I cannot see how follows the equality $\cal M^{\bot}=M^*$-Inj below: (both inclusions are wanted)
where
$X \in {\cal H}^\bot \iff \forall f\in{\cal H}: \mathrm{Hom}(f,X)$ bijective
and
$X \in {\cal H}$-Inj $\iff \forall f\in{\cal H}: \mathrm{Hom}(f,X)$ surjective
It is actually quite straightforward:
($\subseteq$) Let $X\in {\cal M}^\bot$. Because ${\cal M}^\bot \subseteq {\cal M}$-Inj, we only need to check that $X$ is injective w.r.t. all the $m^*$. So let $f\colon A^* \to X$.
(1) the equation $f\circ p_1\circ m = f\circ p_2\circ m$ forces $f\circ p_1 = f\circ p_2$ because both maps extend $f\circ p_1\circ m$ along $m$.
(2) Let $h=f\circ p_1=f\circ p_2$. For $i=1,2$ the equations $h \circ m^* \circ p_i = h = f \circ p_i$ force $h \circ m^* = f$ because of the universal property of the pushout.
Therefore $h$ indeed extends $f$ along $m^*$.
($\supseteq$) Let $X\in {\cal M}^*$-Inj.

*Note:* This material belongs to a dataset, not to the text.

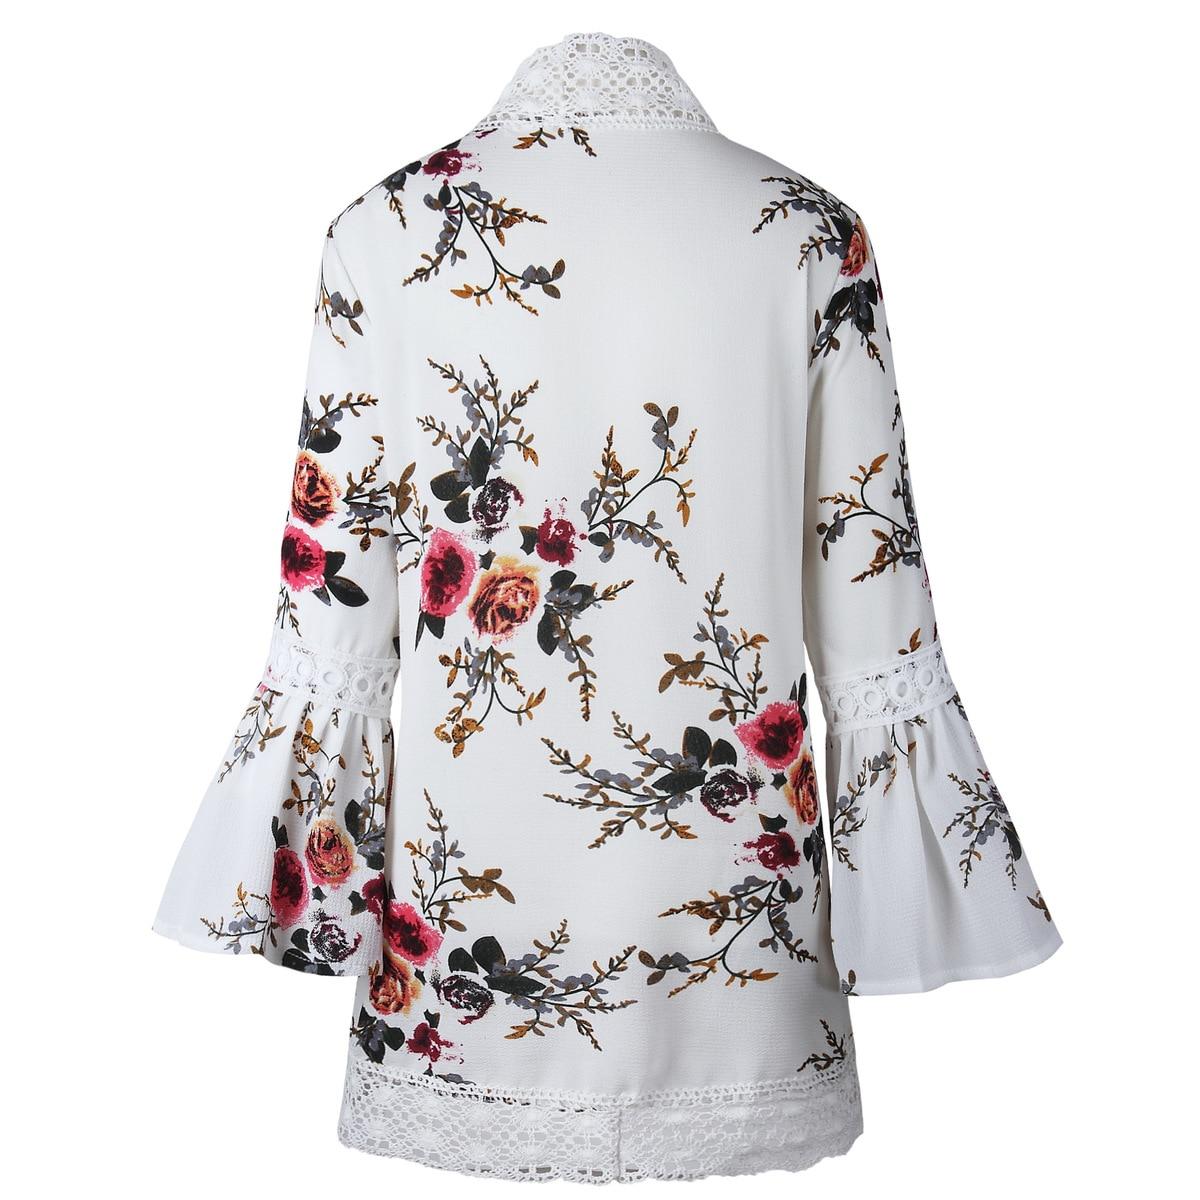 HTB1bnGivZuYBuNkSmRyq6AA3pXa7 Women Plus Size Loose Casual Basic Jackets Female 2018 Autumn Long Flare Sleeve Floral Print Outwear Coat Open Stitch Clothing

Given $f\colon A \to X$, we already know that $f$ can be extended along $m$ because $X\in {\cal M}$-Inj. So we only need to check that such an extension is unique.

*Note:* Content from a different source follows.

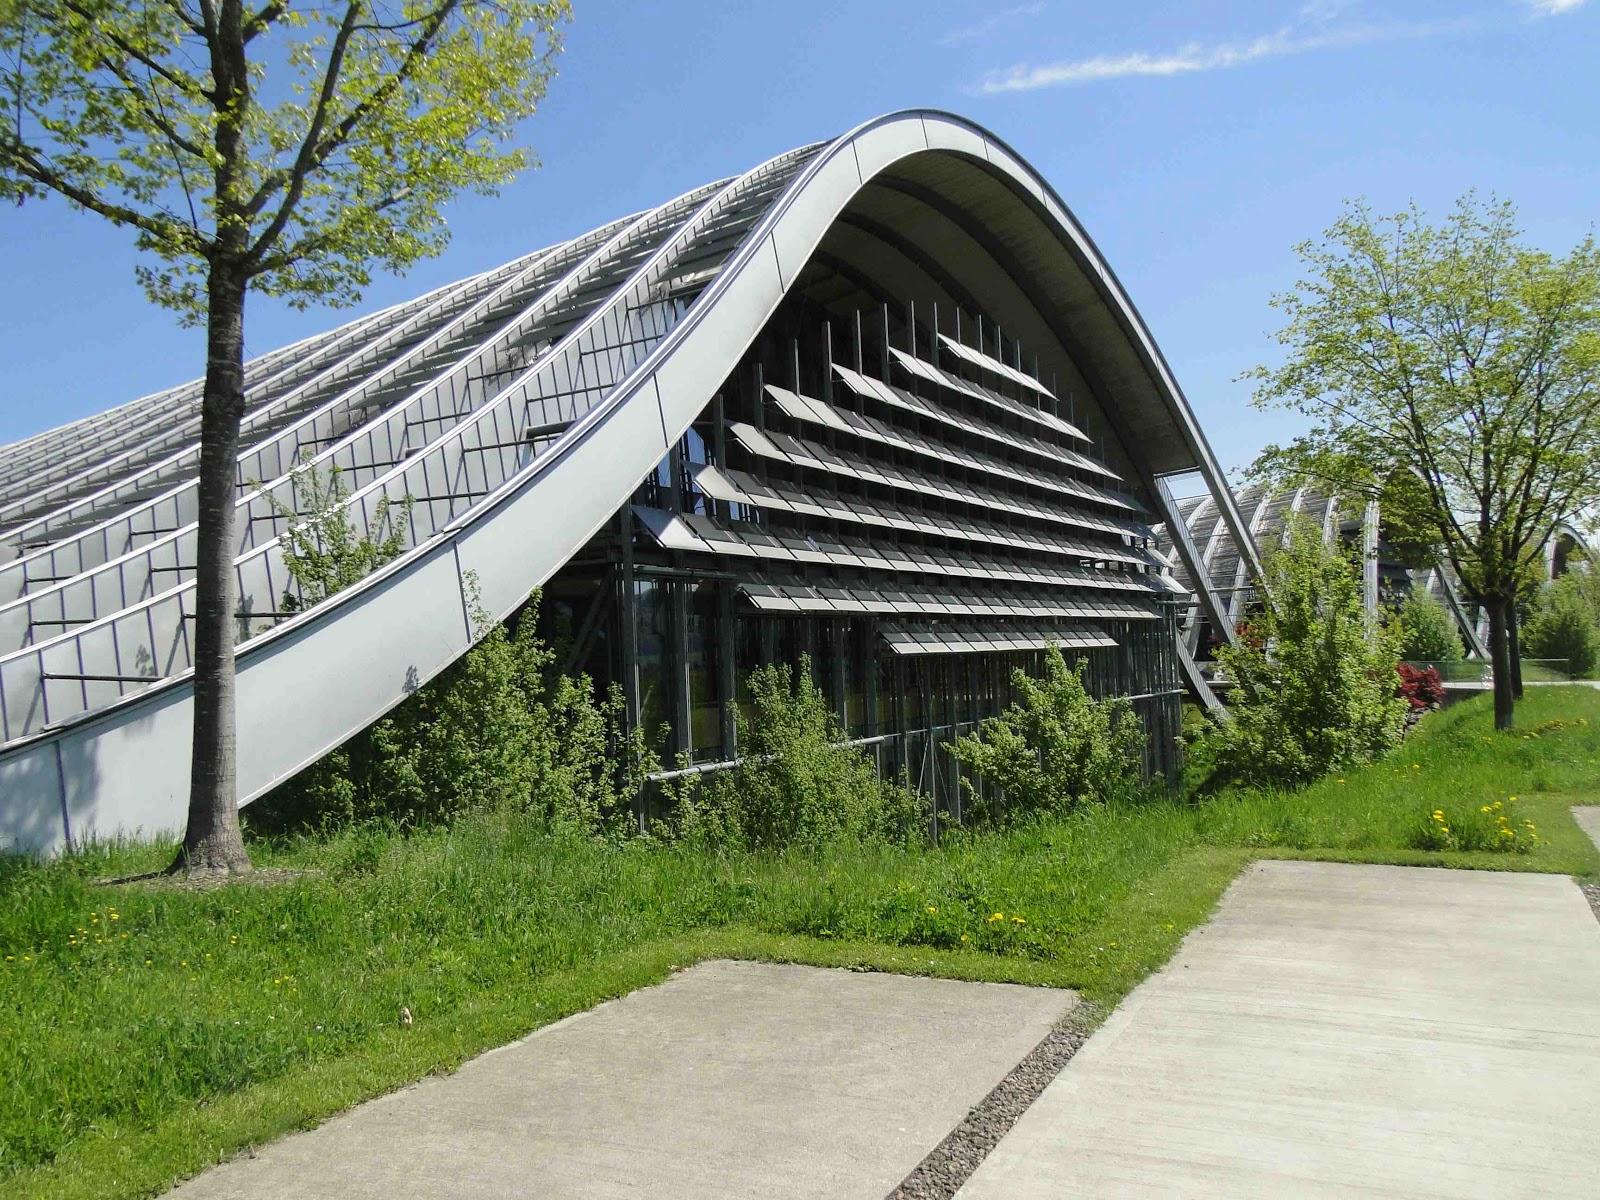 B atrice de le mus e paul klee berne architecture for Architecture contemporaine

Suppose $h_1,h_2\colon A\to X$ are two maps with $q_1\circ m = f = q_2\circ m$. Then the pushout gives a unique map $g\colon A^*\to X$ with $g\circ p_i = q_i$ ($i=1,2$). Let $h\colon A'\to X$ be an extension of $g$ along $m^*$, i.e. $h\circ m^* = g$. Then
$$q_1 = g \circ p_1 = h\circ m^* \circ p_1 = h = h\circ m^* \circ p_2 = g \circ p_2 = q_2$$